This new , published in PLOS One, is the second COVID-19-related nomogram that the research team—led by Lara Jehi, M.D., chief research information officer at Cleveland Clinic, and Michael Kattan, Ph.D., chair of Lerner Research Institute’s Department of Quantitative Health Sciences—has developed. Their earlier model forecasts an individual patient’s likelihood of testing positive for the virus.

“Ultimately, we want to create a suite of tools that physicians can use to help inform personalized care and resource allocation at many time points throughout a patient’s experience with COVID-19,” said Dr. Jehi, corresponding author on the study.

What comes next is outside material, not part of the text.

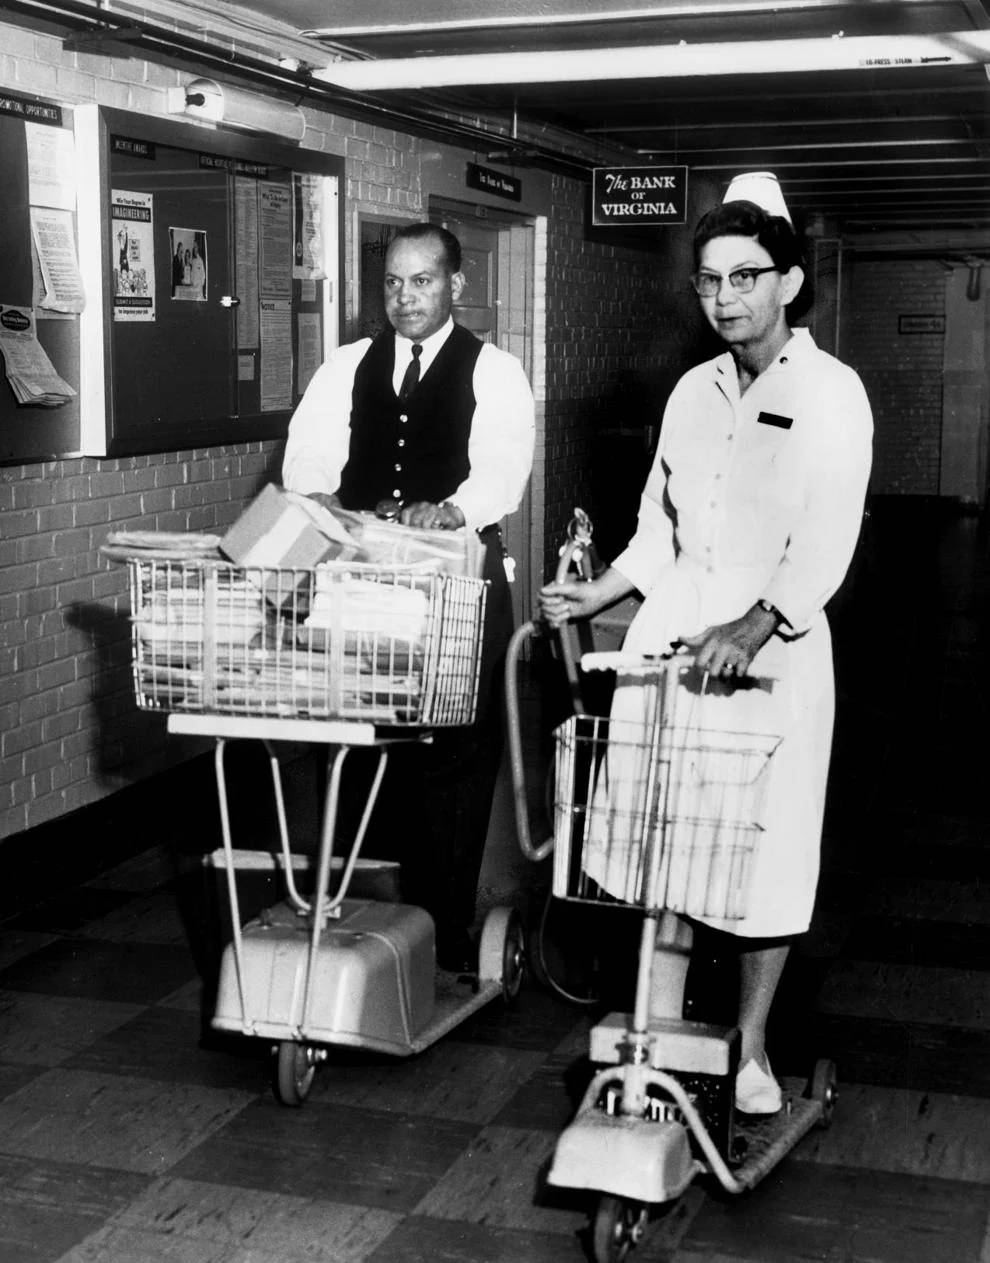 Charles W. Sykes and Freda S. Daniel of the McGuire Veterans Administration Hospital in Richmond used battery-powered scooters to take them from ward to ward, 1965.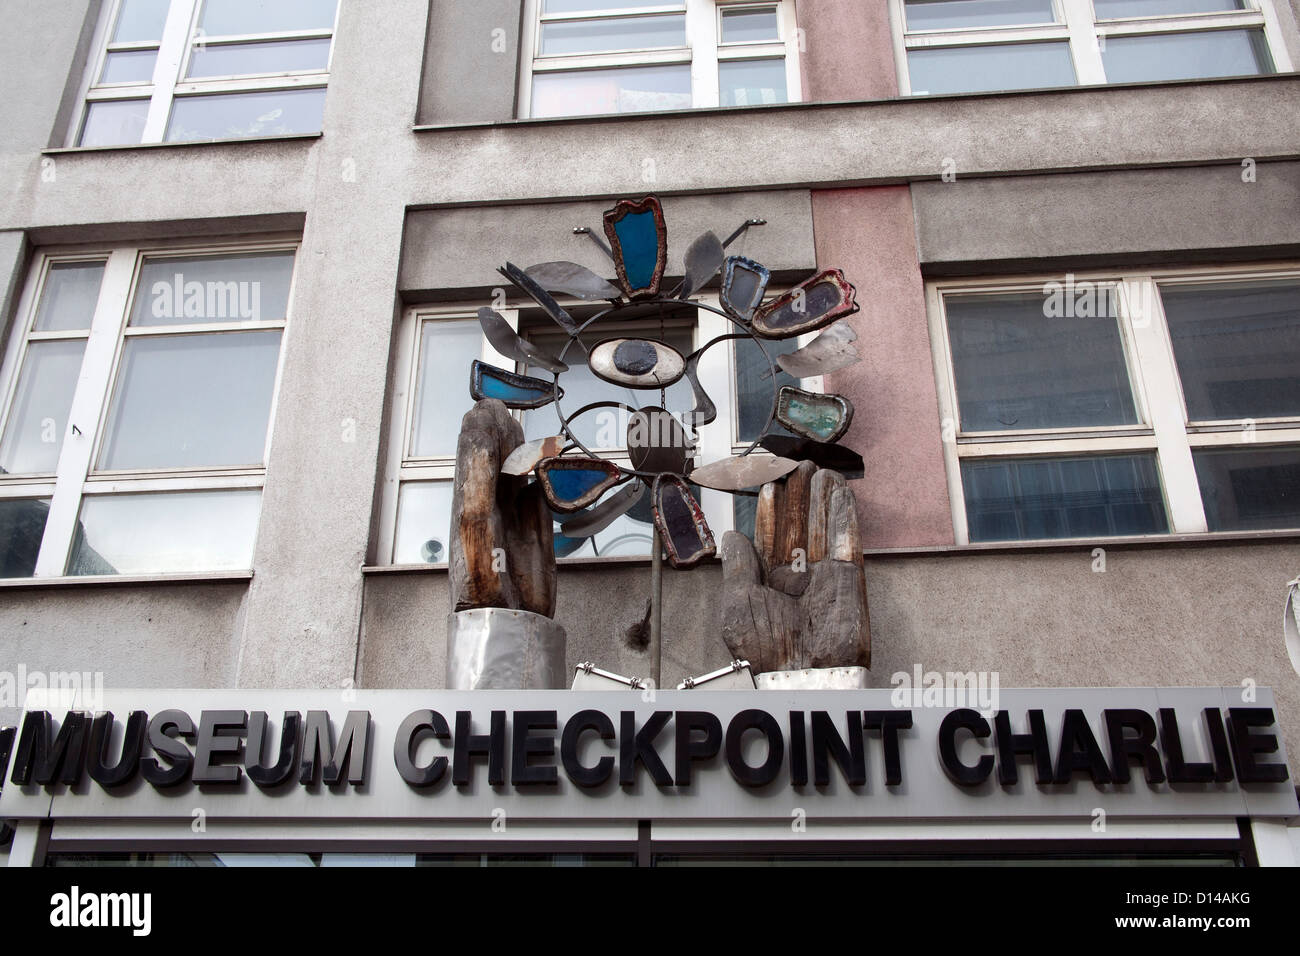 Museum Checkpoint Charlie - Mauermuseum -  Berlin Germany Stock Photo

The team’s newest model was developed and validated using retrospective patient data from more than 4,500 patients who tested positive for COVID-19 at Cleveland Clinic locations in Northeast Ohio and Florida during a three-month time period (early March to early June). Data scientists used statistical algorithms to transform data from registry patients’ electronic medical records into the risk prediction model.

Comparing characteristics between those patients who were and were not hospitalized due to COVID-19 revealed several previously undefined hospitalization risk factors, including:

  • Smoking. Former smokers were more likely to be hospitalized than current smokers.
  • Taking certain medications. Using univariable analysis, patients taking Angiotensin Converting Enzyme (ACE) inhibitors or angiotensin II type-I receptor blockers (ARBs) were more likely to be hospitalized than patients not taking those drugs.
  • Race. African American patients were more likely to be hospitalized than patients of other races.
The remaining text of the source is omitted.